La première difficulté tient naturellement au fait que l’expérience même du vécu de la dictature ne s’est pas déroulée selon la même temporalité historique pour les contemporains. Contrairement au monde d’avant 1914 dans lequel il y avait une forme d’unité forgée par le passage à la société de masse, les membres des familles nationalistes européennes firent l’apprentissage de la dictature entre 1919 et 1945 en ordre dispersé selon une chronologie nationale qui leur était propre. En Italie, la Marche sur Rome ouvre l’accès du pouvoir à Mussolini dès octobre 1922 pour une expérience de plus de vingt ans. En Espagne, le système politique est ébranlé par la dictature de Miguel Primo de Rivera dès 1923 qui dure six ans et demi. Lorsque la République est proclamée en 1931, on crut y percevoir l’aboutissement de la modernité. En réalité, l’Espagne était plus divisée que jamais et ne tarda pas à sombrer dans la guerre civile qui se termina avec le Pronunciamiento de Franco. Lorsqu’Hitler arrive au pouvoir, le 30 janvier 1933, il pense contribuer à l’édification d’un Reich de mille ans. En douze ans, il mène l’Allemagne au désastre. Quant à la France, son sort est scellé quand le Parlement concède les pleins pouvoirs au maréchal Pétain le 10 juillet 1940 pour commencer une éphémère « Révolution nationale » qui tourne rapidement court avec la chute du régime en 1944.

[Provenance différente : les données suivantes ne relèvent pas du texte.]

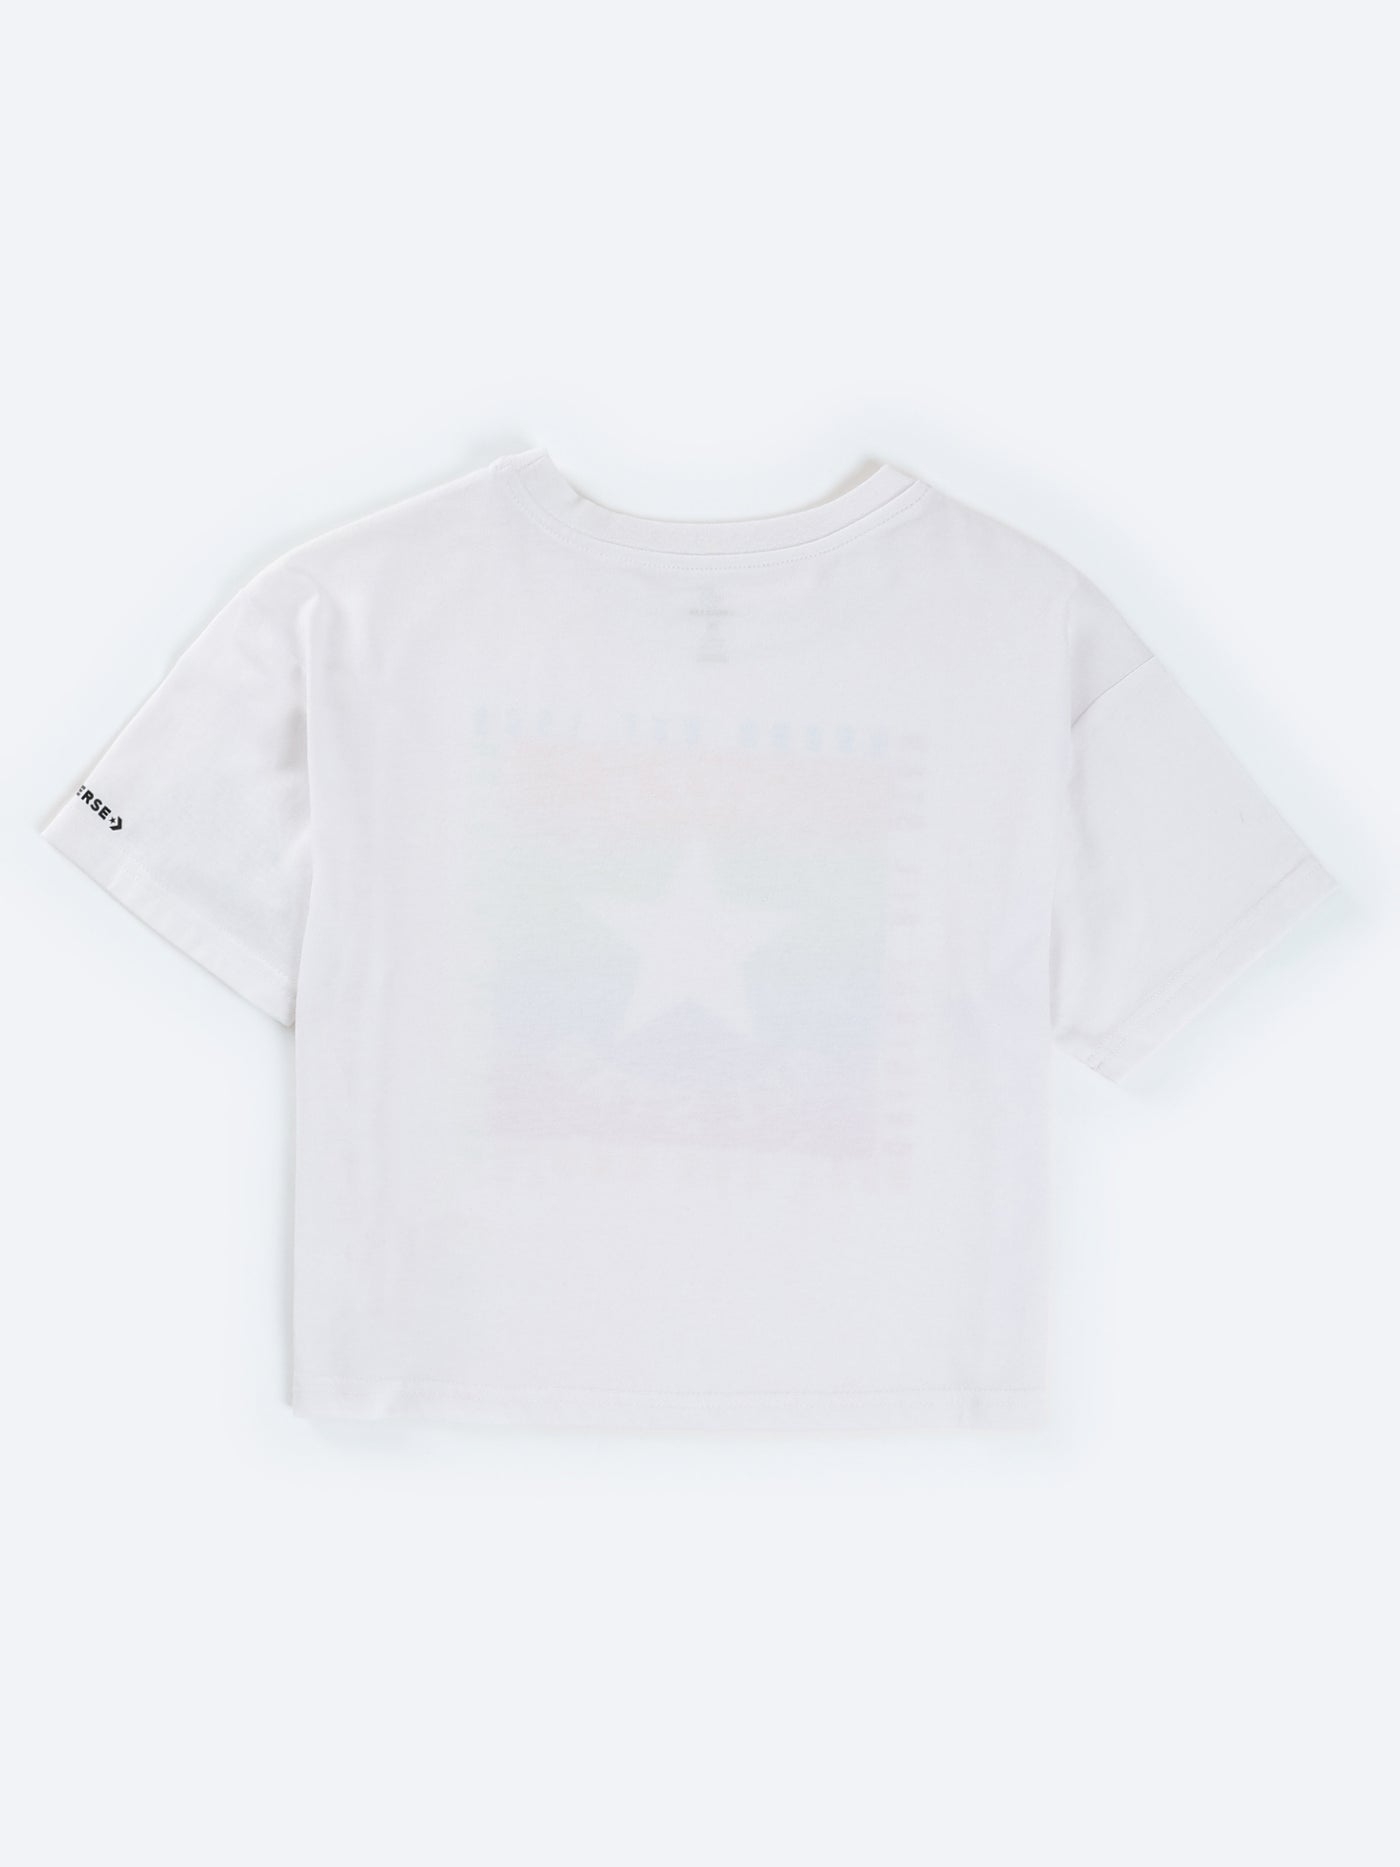 Converse Kids Girls Printed Half Sleeves T-Shirt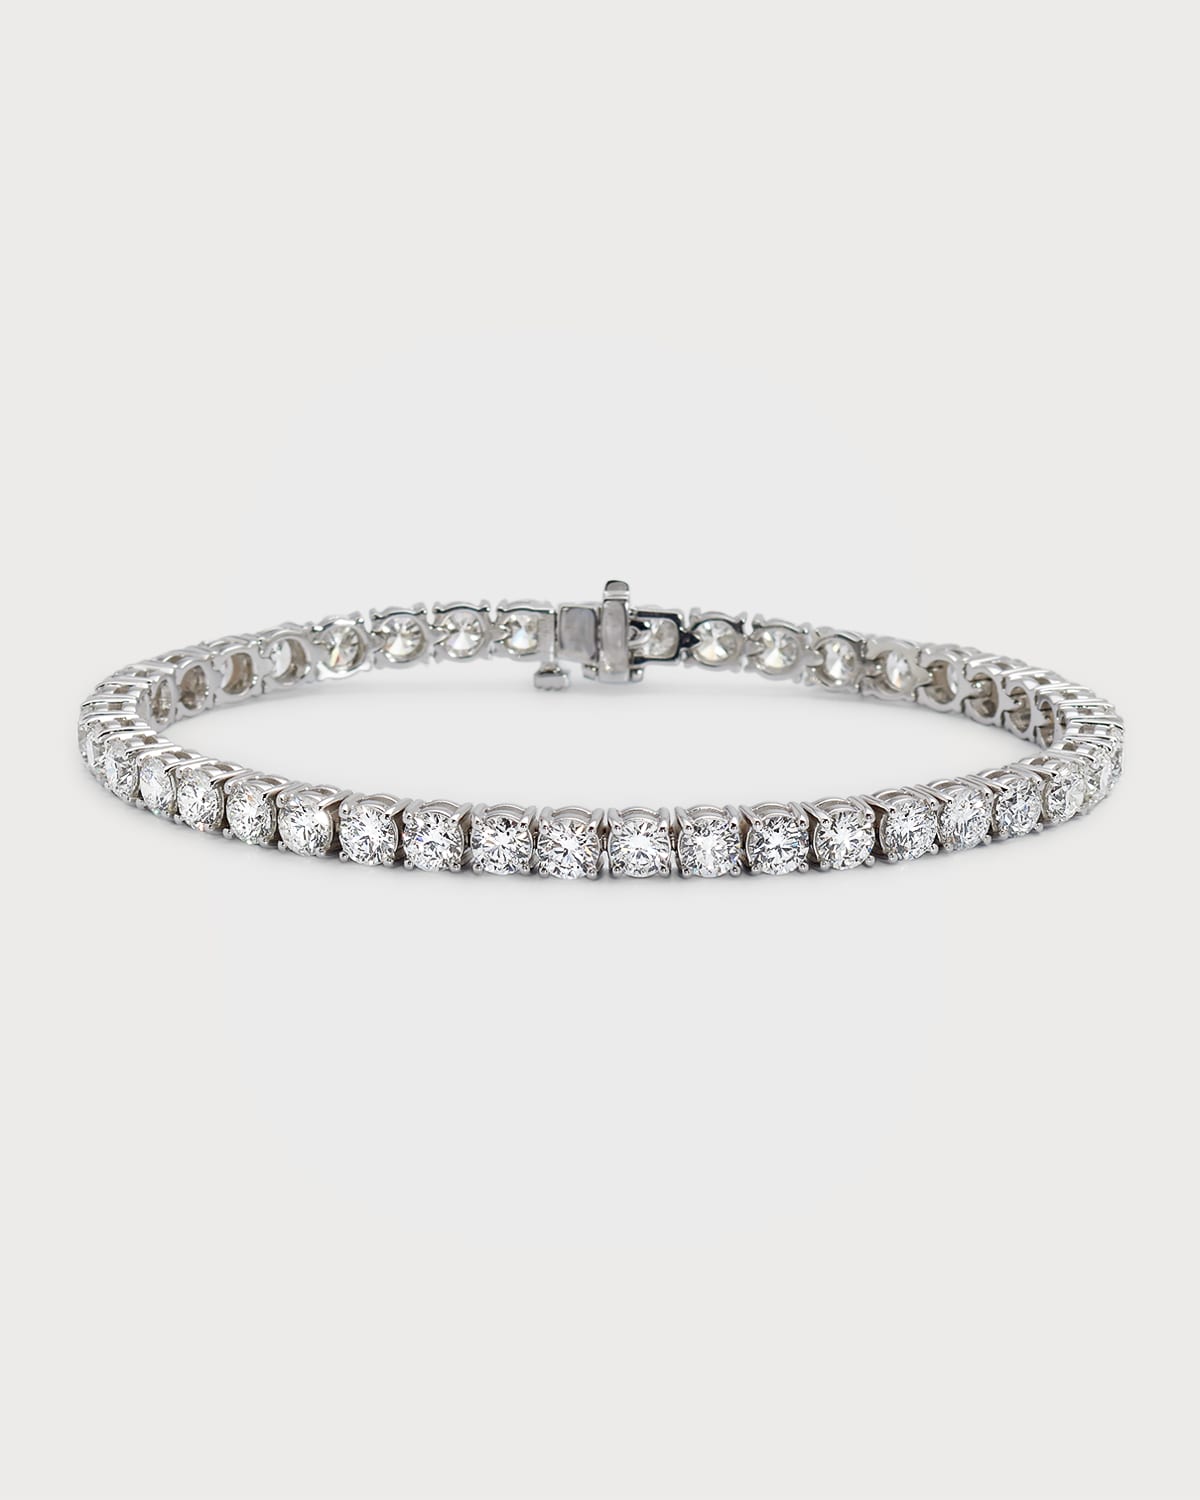 Neiman Marcus Diamonds 18k White Gold Diamond Bracelet, 7"l, 11.48tcw

La seconde difficulté tient au fait que le passage à la dictature a été perçu différemment par les contemporains en raison aussi des singularités nationales. Certes, les désordres politiques, économiques et sociaux ont conduit dans chacun des pays à un traumatisme national. Le recours à un pouvoir fort et à la dictature a de ce fait été perçu par une partie des élites en Europe comme le moyen le plus adéquat pour répondre une crise polymorphe avec des principes fondés sur l’action, la décision, la lutte contre les ennemis internes et le thème du redressement.

Mais bien des différences nationales ont subsisté. L’Espagne a affiché sa neutralité dans les deux conflits mondiaux tandis que la France, l’Allemagne et l’Italie y ont joué à l’inverse un rôle déterminant. Chaque pays arrive à la dictature avec ses propres blessures. Pour l’Allemagne, le traumatisme avait existé dès le début de la République de Weimar avec une société anéantie par la défaite et le traité de Versailles, lacérée ←12 | 13→par les crises, incapable de refaire du lien social. L’Italie est humiliée par le la victoire mutilée. Après la perte de Cuba en 1898, l’Espagne vit douloureusement la défaite d’Anoual du 21 juillet 1921 face à Abd el-Krim et la proclamation de la République du Rif au Maroc. La France considérée comme la première puissance militaire en Europe s’effondre en juin 1940.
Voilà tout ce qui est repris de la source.